===== Input data
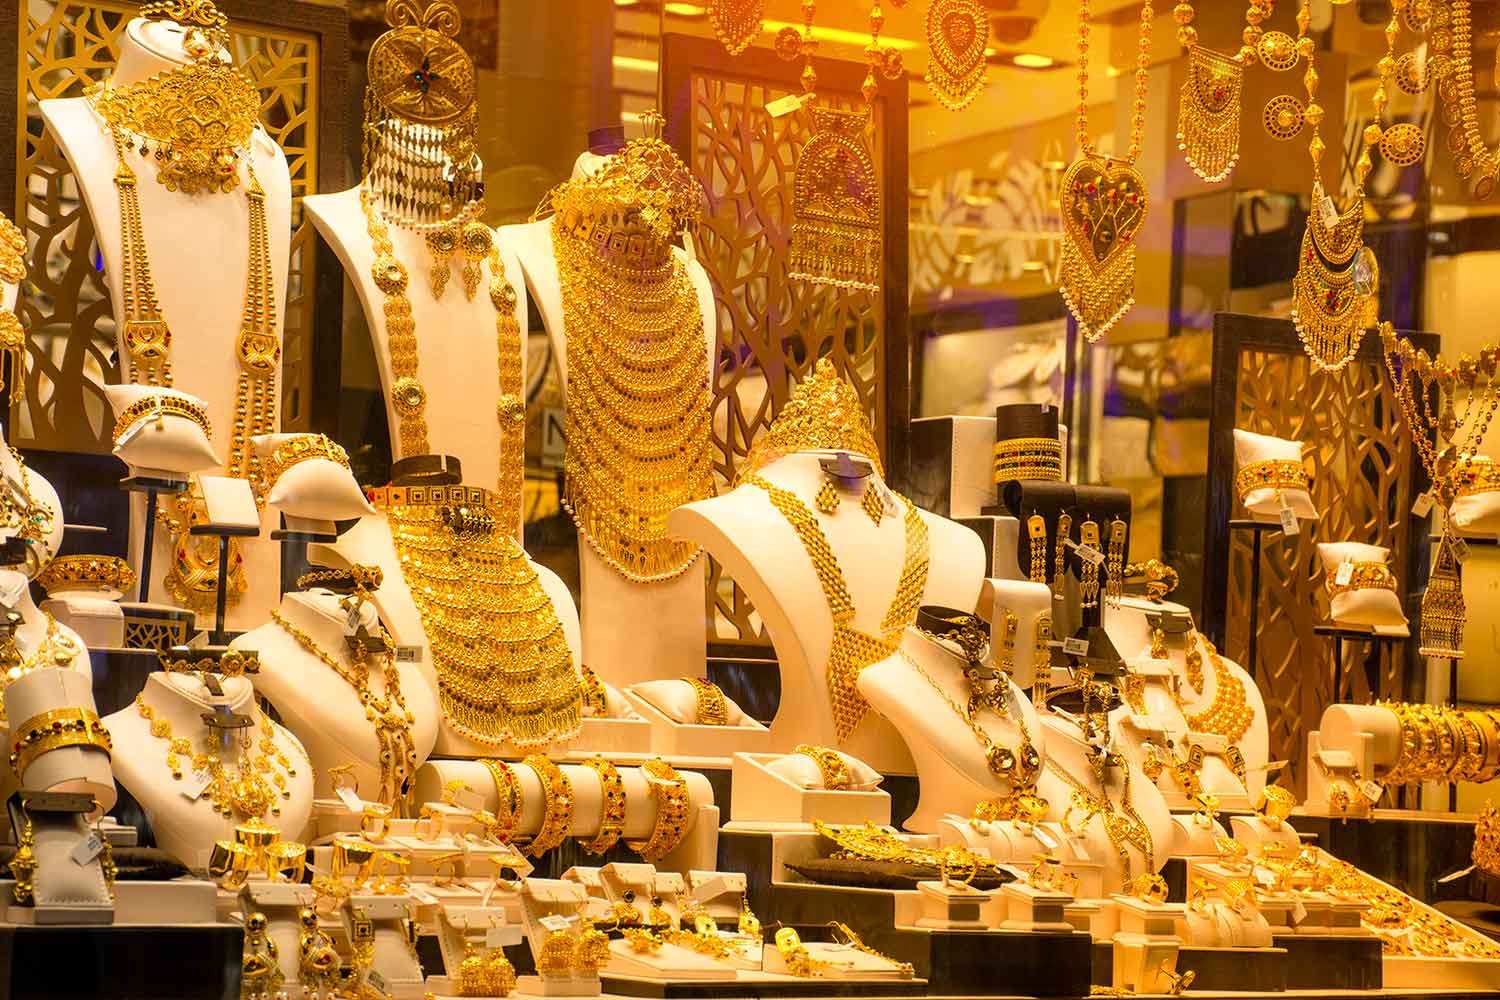 أسعار الذهب تتراجع خلال تعاملات اليوم  الخميس 28 نوفمبر 2019بالسوق المصرية.. وجرام 21 يسجل رقم جديد
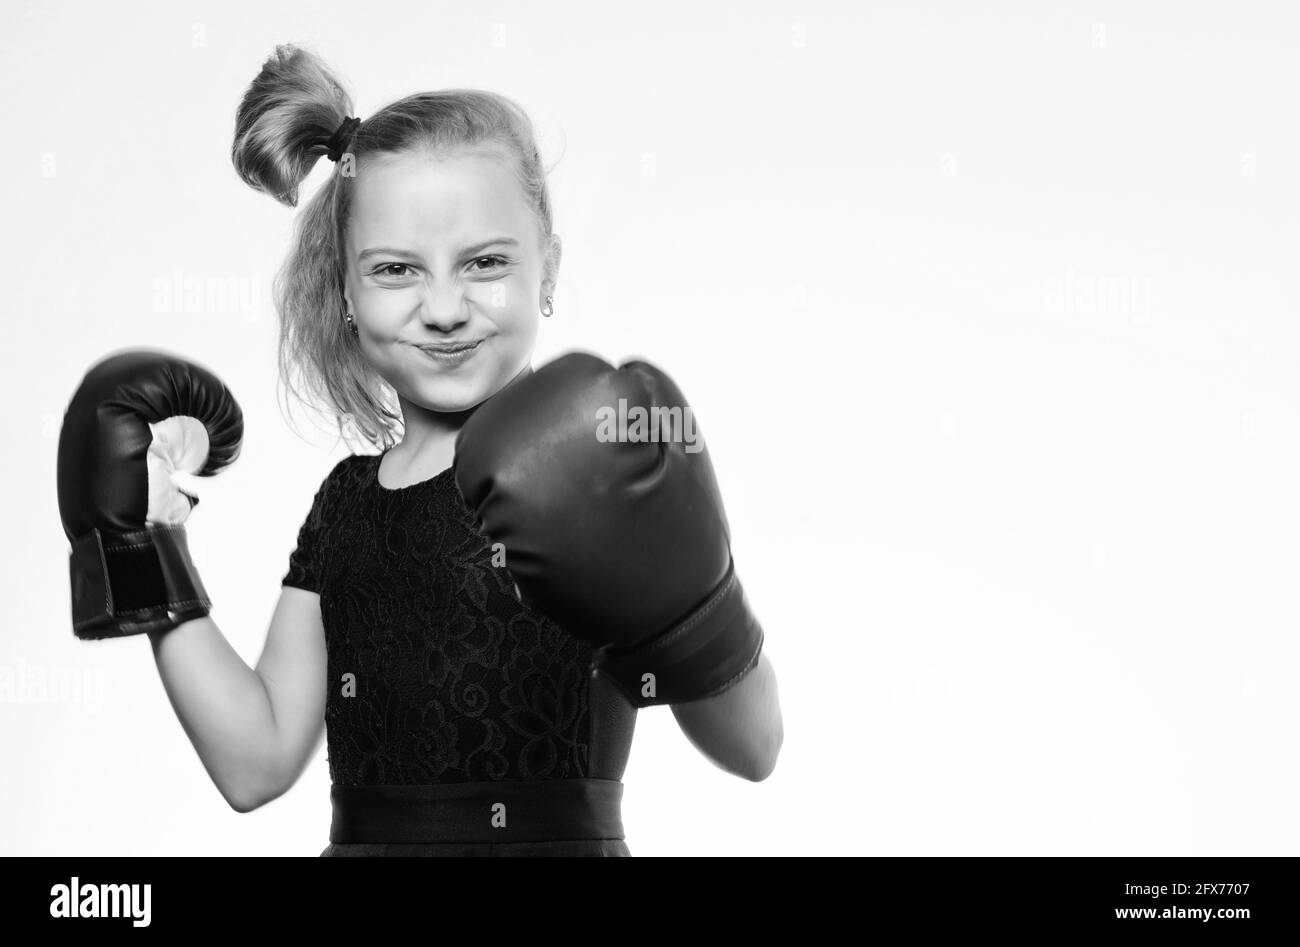 Baby boxing gloves fotografías e imágenes de alta resolución - Página 7 -  Alamy
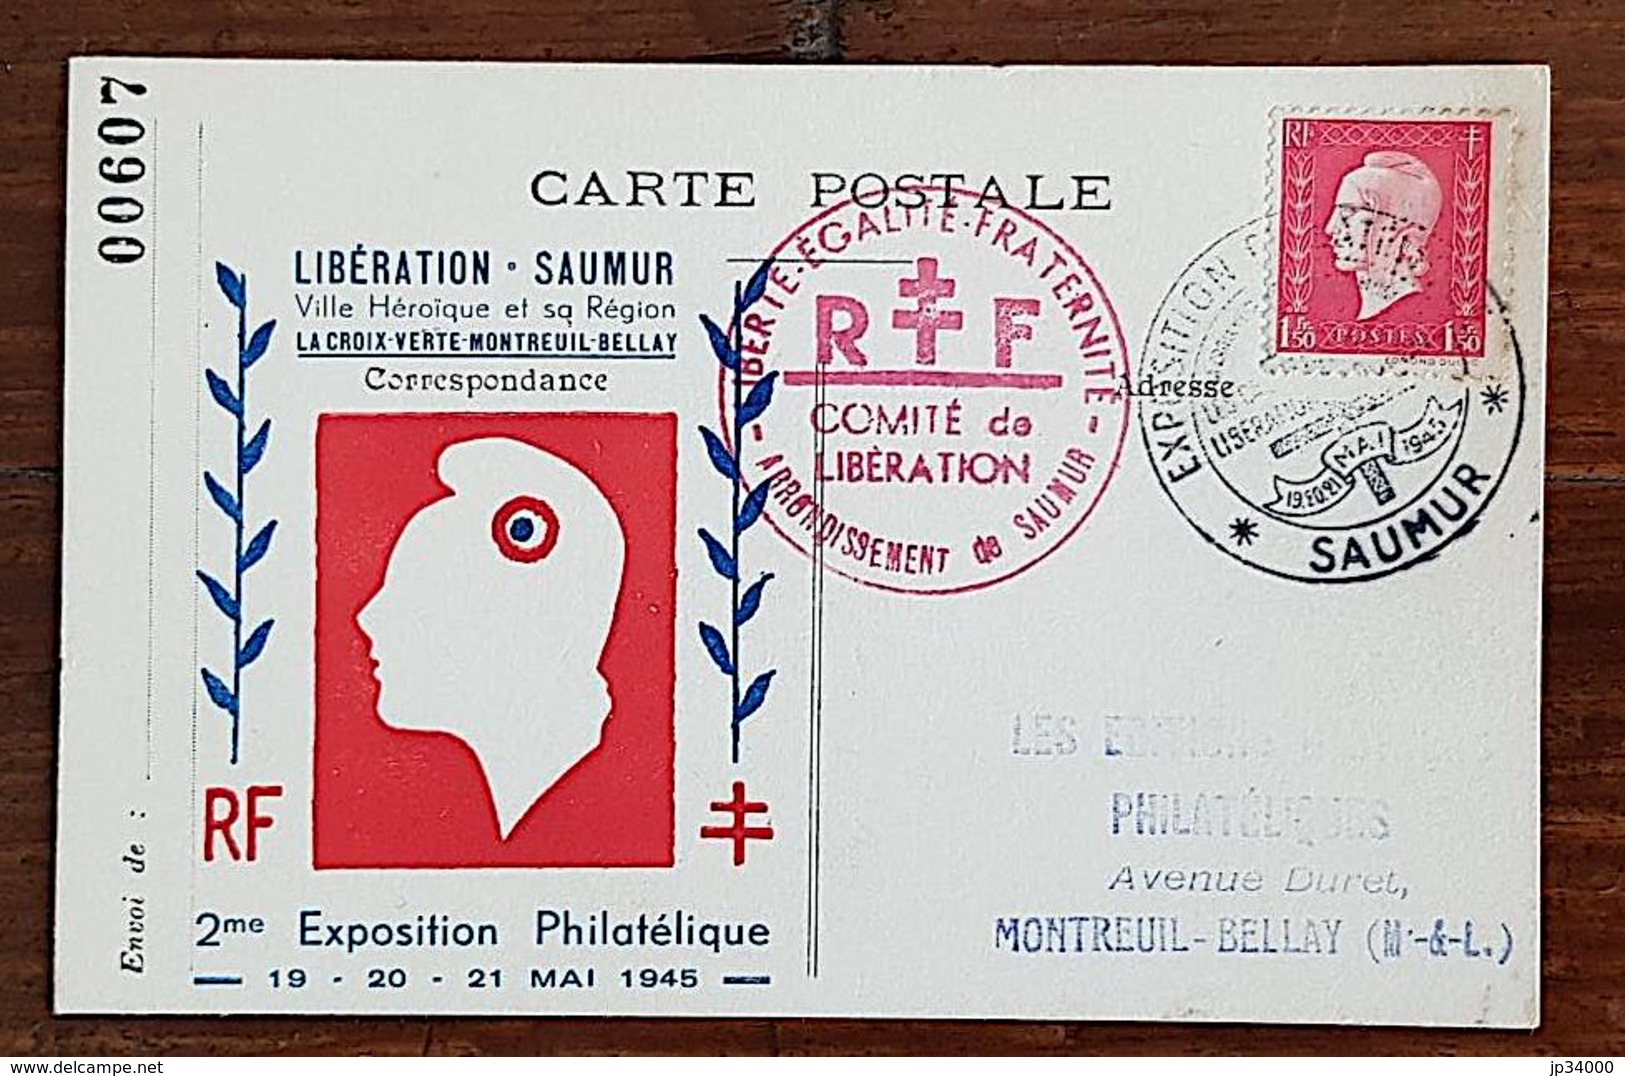 FRANCE Liberation SAUMUR. Ville Heroique Et Sa Région. Exposition Philatelique 19 Au 21 MAI 1945. Cachet Saumur - Guerre Mondiale (Seconde)
==========
* Exercise instructions
Nothing but the lines from the beginning of the material through the line with "Baby boxing gloves" should appear, printed exactly, with no pictures among them.

* Answer for this exercise
 أسعار الذهب تتراجع خلال تعاملات اليوم  الخميس 28 نوفمبر 2019بالسوق المصرية.. وجرام 21 يسجل رقم جديد
 Baby boxing gloves fotografías e imágenes de alta resolución - Página 7 -  Alamy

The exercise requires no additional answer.